Problem requirements — All of the data that follows is to be written out exactly, with images excluded.

Provided data —

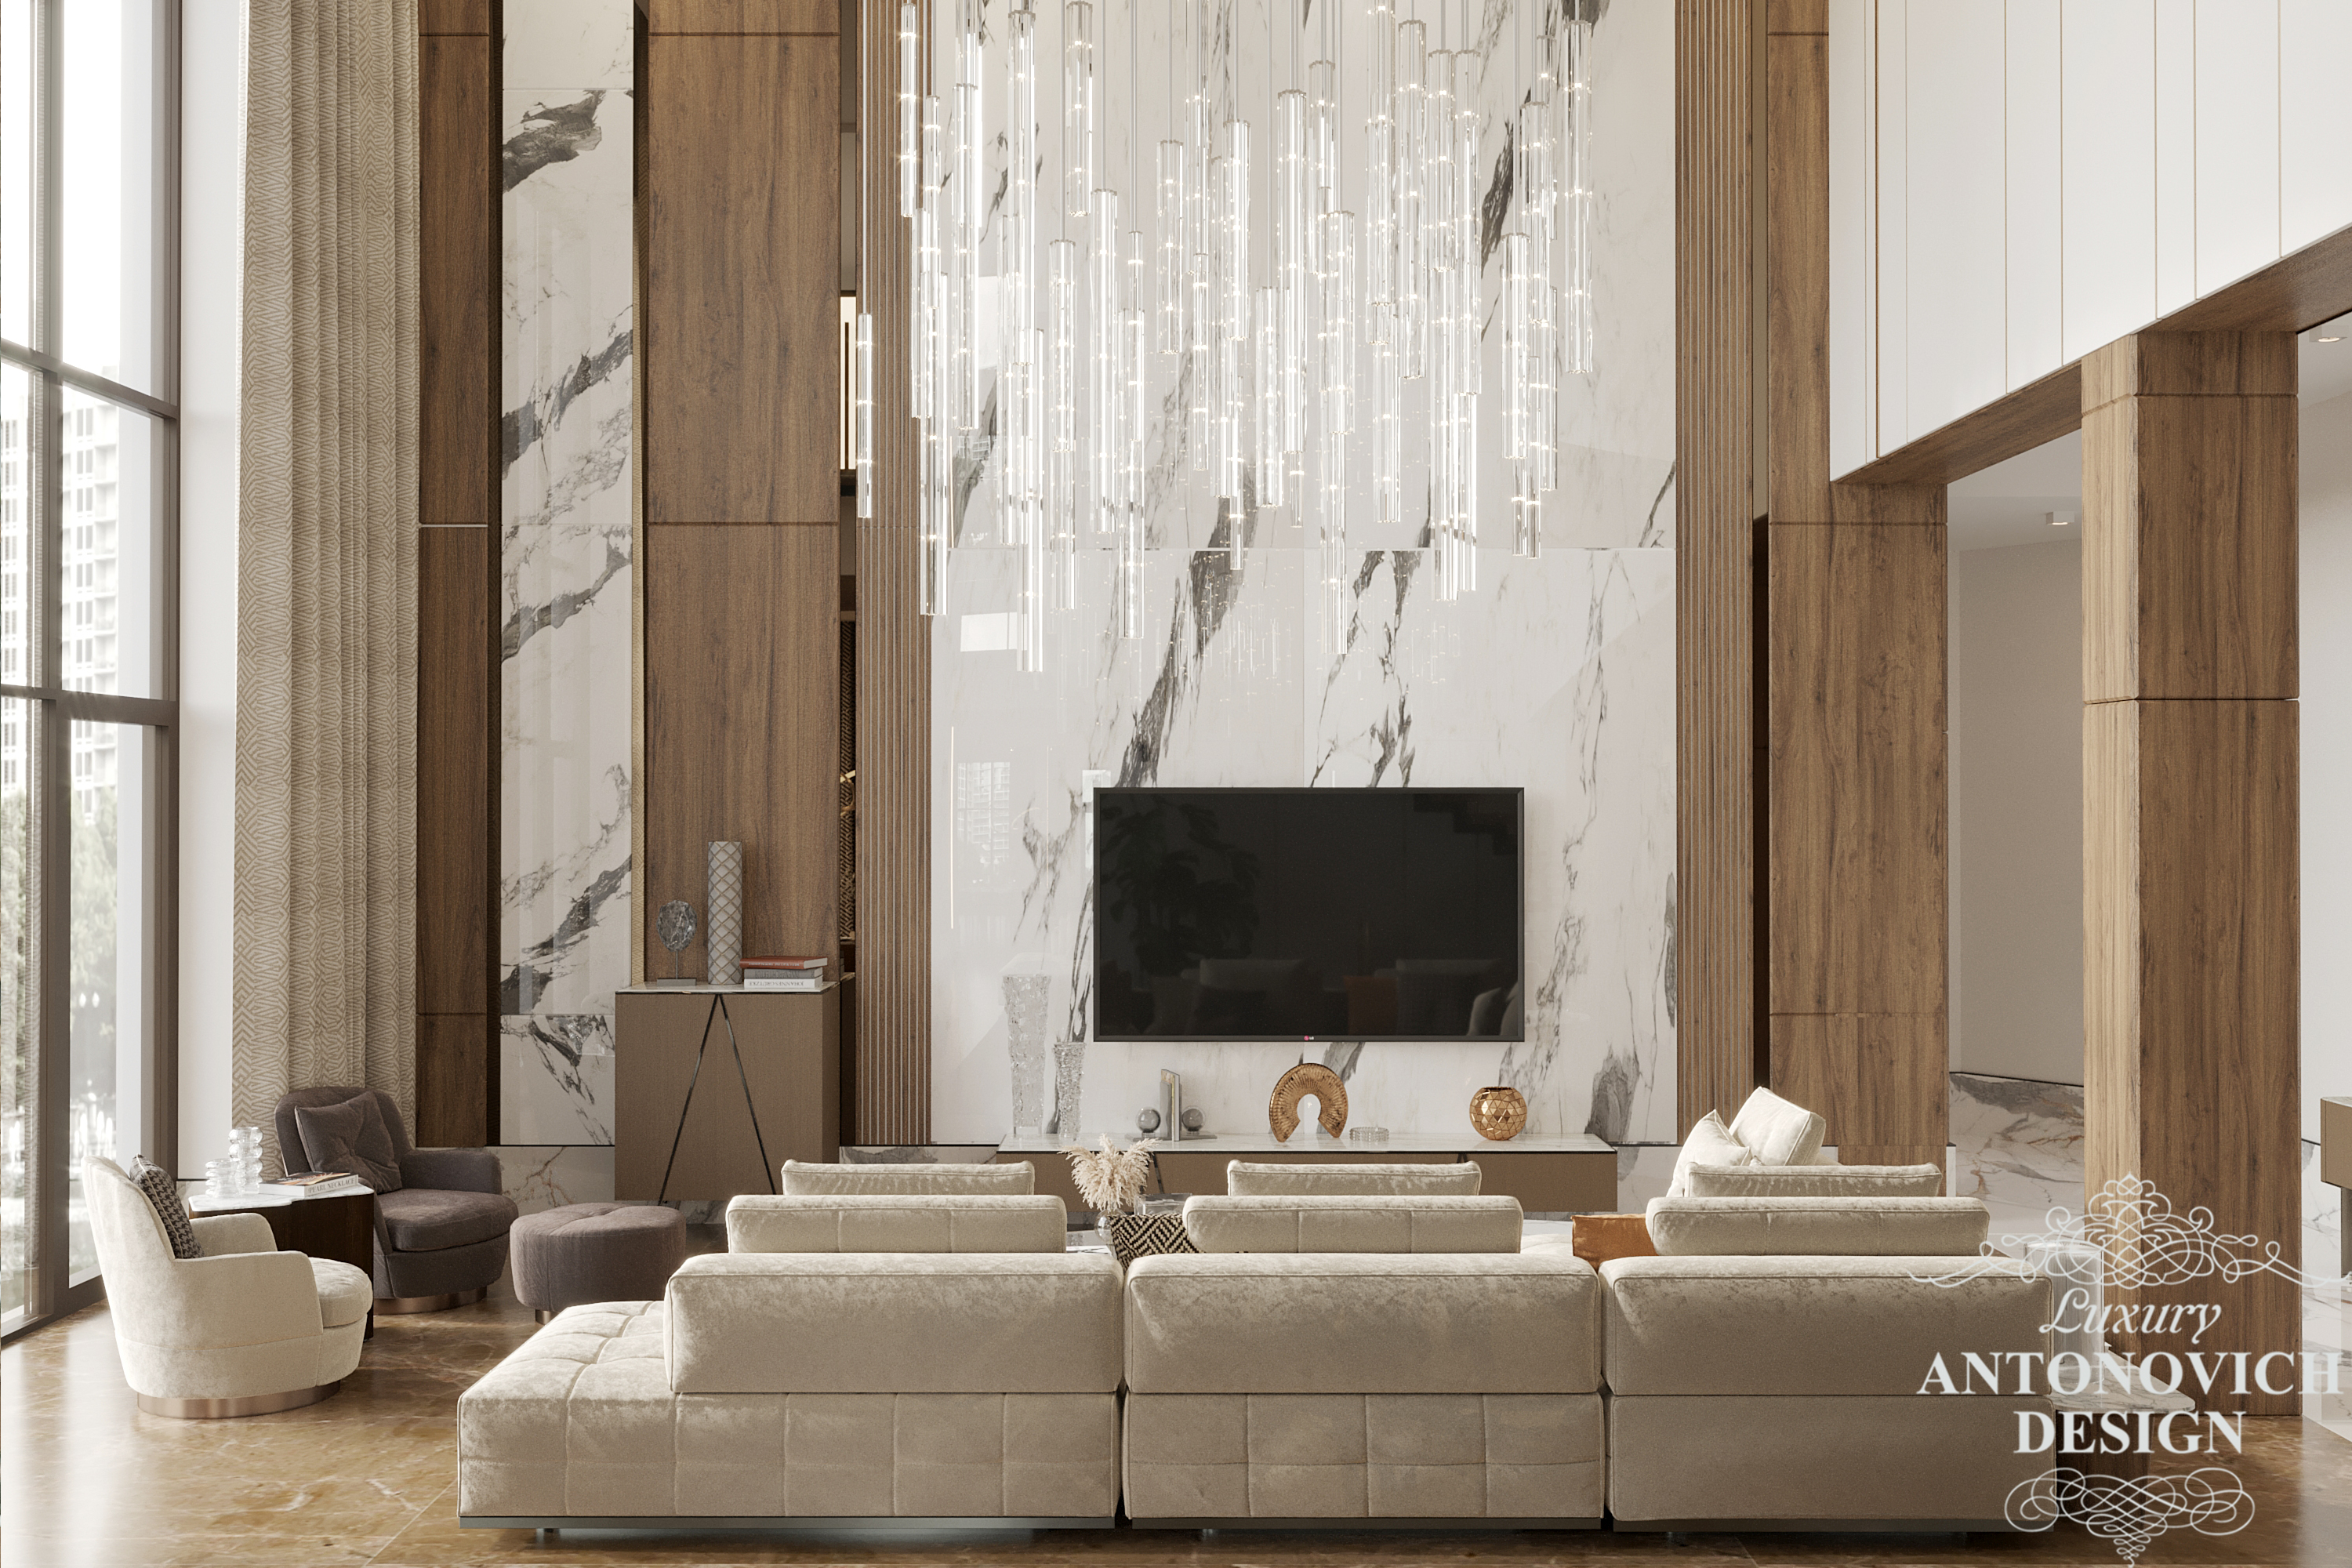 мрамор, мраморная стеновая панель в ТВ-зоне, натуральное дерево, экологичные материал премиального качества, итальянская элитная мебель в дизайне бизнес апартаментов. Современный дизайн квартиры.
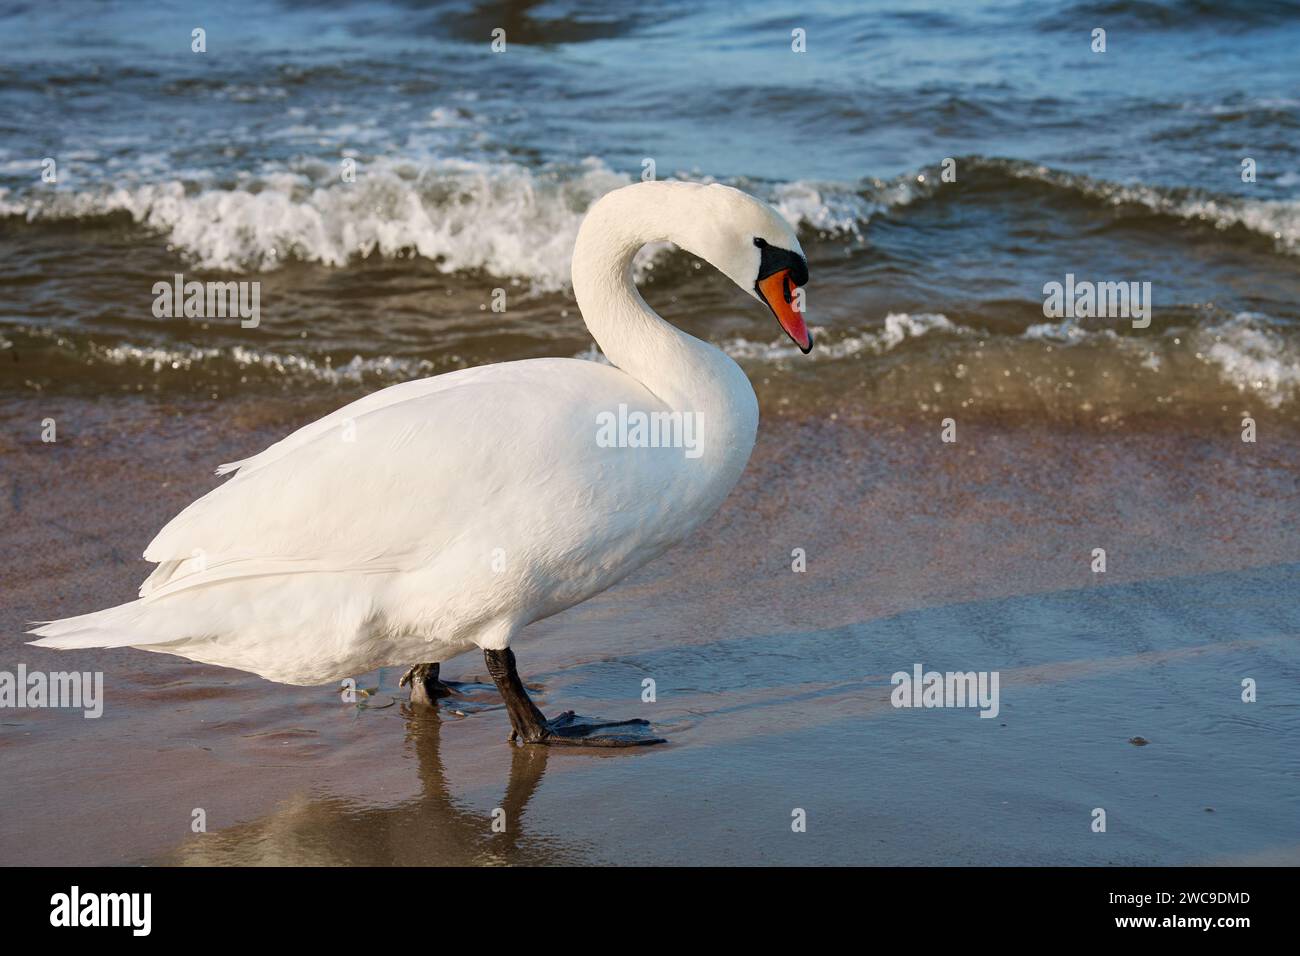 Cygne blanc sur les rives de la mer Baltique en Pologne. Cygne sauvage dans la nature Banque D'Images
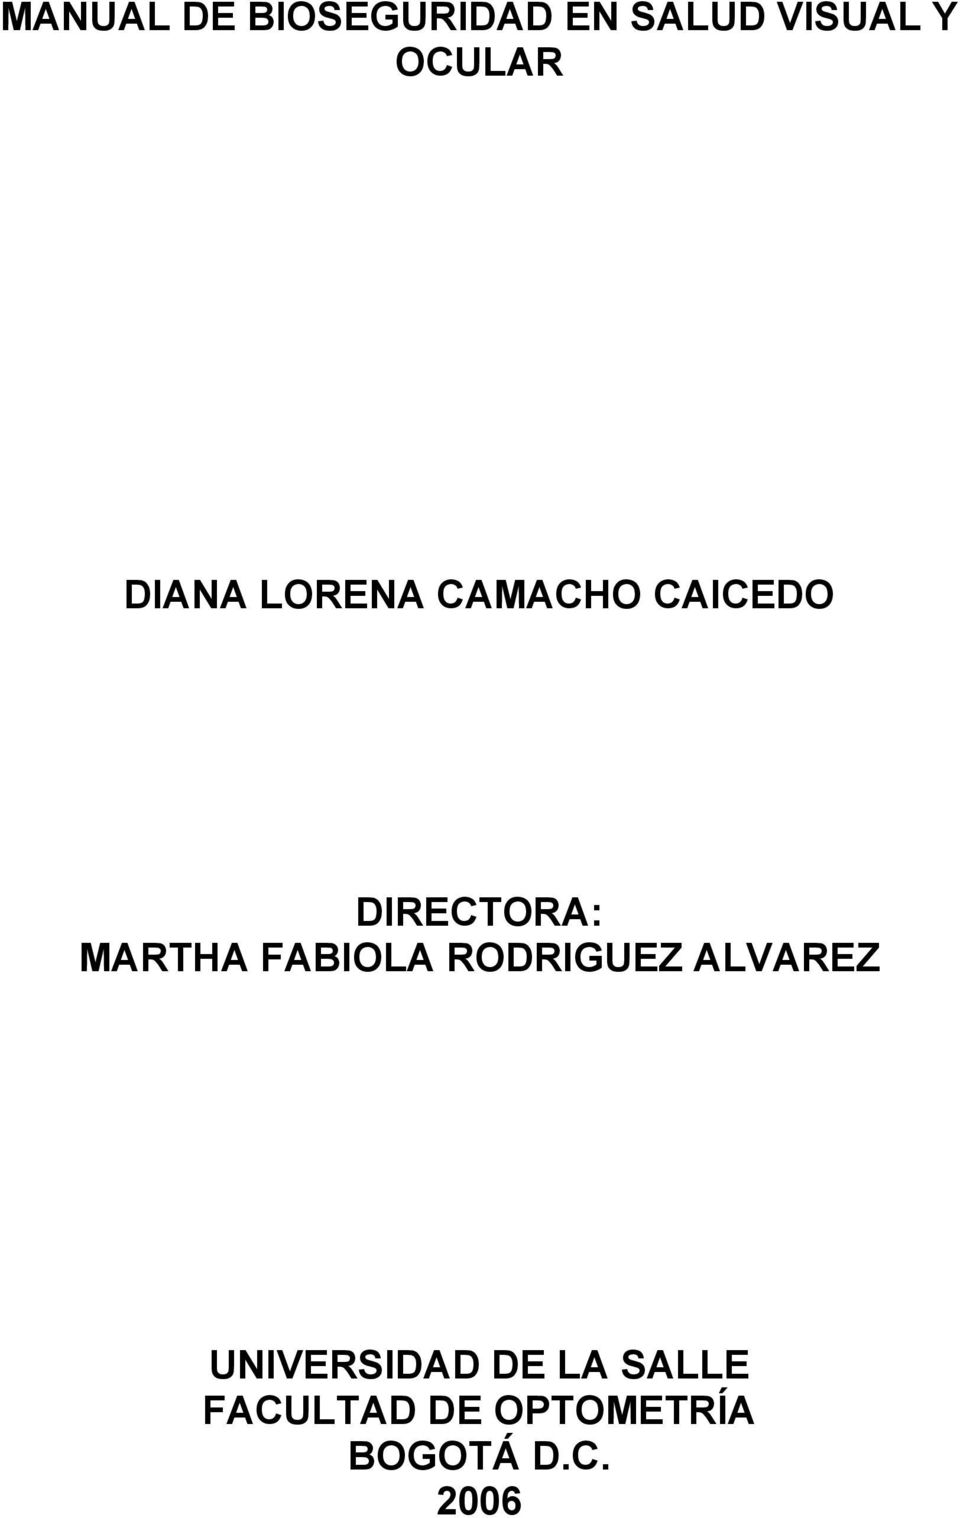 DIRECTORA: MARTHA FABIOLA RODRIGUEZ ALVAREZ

The answer —
 мрамор, мраморная стеновая панель в ТВ-зоне, натуральное дерево, экологичные материал премиального качества, итальянская элитная мебель в дизайне бизнес апартаментов. Современный дизайн квартиры.
 Cygne blanc sur les rives de la mer Baltique en Pologne. Cygne sauvage dans la nature Banque D'Images
 DIRECTORA: MARTHA FABIOLA RODRIGUEZ ALVAREZ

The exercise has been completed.